#### TASK DETAILS:
Below are records; please set down exactly the lines from the first through the one containing "Wildfire Scorches More".

===== MATERIAL FOR THIS TASK

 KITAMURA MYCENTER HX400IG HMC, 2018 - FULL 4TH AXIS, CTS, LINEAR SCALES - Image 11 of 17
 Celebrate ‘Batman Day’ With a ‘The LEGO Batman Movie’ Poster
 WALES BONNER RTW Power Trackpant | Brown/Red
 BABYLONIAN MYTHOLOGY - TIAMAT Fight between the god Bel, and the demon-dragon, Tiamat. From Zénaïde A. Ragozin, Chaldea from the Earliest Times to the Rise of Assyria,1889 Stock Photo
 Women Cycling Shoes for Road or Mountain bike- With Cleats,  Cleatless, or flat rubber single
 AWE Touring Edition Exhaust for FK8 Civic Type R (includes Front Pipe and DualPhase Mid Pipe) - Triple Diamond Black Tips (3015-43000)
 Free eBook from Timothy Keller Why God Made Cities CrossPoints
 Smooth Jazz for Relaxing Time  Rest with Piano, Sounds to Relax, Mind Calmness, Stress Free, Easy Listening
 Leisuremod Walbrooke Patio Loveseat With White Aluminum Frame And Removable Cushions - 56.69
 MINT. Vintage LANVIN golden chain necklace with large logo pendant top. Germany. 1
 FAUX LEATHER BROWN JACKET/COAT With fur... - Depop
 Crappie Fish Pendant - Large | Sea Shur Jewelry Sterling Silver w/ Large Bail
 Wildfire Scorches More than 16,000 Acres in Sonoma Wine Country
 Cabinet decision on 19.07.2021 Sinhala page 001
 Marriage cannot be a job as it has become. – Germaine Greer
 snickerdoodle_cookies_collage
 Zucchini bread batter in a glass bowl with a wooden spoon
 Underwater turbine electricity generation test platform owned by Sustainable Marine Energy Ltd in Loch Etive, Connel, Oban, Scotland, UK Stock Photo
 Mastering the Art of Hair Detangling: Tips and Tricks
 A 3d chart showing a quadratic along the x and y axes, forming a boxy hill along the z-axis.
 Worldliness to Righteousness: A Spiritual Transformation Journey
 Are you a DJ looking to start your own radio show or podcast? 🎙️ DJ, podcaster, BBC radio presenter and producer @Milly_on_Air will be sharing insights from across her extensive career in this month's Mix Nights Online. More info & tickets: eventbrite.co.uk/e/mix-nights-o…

==========

#### RESPONSE TO THE EXERCISE:
 KITAMURA MYCENTER HX400IG HMC, 2018 - FULL 4TH AXIS, CTS, LINEAR SCALES - Image 11 of 17
 Celebrate ‘Batman Day’ With a ‘The LEGO Batman Movie’ Poster
 WALES BONNER RTW Power Trackpant | Brown/Red
 BABYLONIAN MYTHOLOGY - TIAMAT Fight between the god Bel, and the demon-dragon, Tiamat. From Zénaïde A. Ragozin, Chaldea from the Earliest Times to the Rise of Assyria,1889 Stock Photo
 Women Cycling Shoes for Road or Mountain bike- With Cleats,  Cleatless, or flat rubber single
 AWE Touring Edition Exhaust for FK8 Civic Type R (includes Front Pipe and DualPhase Mid Pipe) - Triple Diamond Black Tips (3015-43000)
 Free eBook from Timothy Keller Why God Made Cities CrossPoints
 Smooth Jazz for Relaxing Time  Rest with Piano, Sounds to Relax, Mind Calmness, Stress Free, Easy Listening
 Leisuremod Walbrooke Patio Loveseat With White Aluminum Frame And Removable Cushions - 56.69
 MINT. Vintage LANVIN golden chain necklace with large logo pendant top. Germany. 1
 FAUX LEATHER BROWN JACKET/COAT With fur... - Depop
 Crappie Fish Pendant - Large | Sea Shur Jewelry Sterling Silver w/ Large Bail
 Wildfire Scorches More than 16,000 Acres in Sonoma Wine Country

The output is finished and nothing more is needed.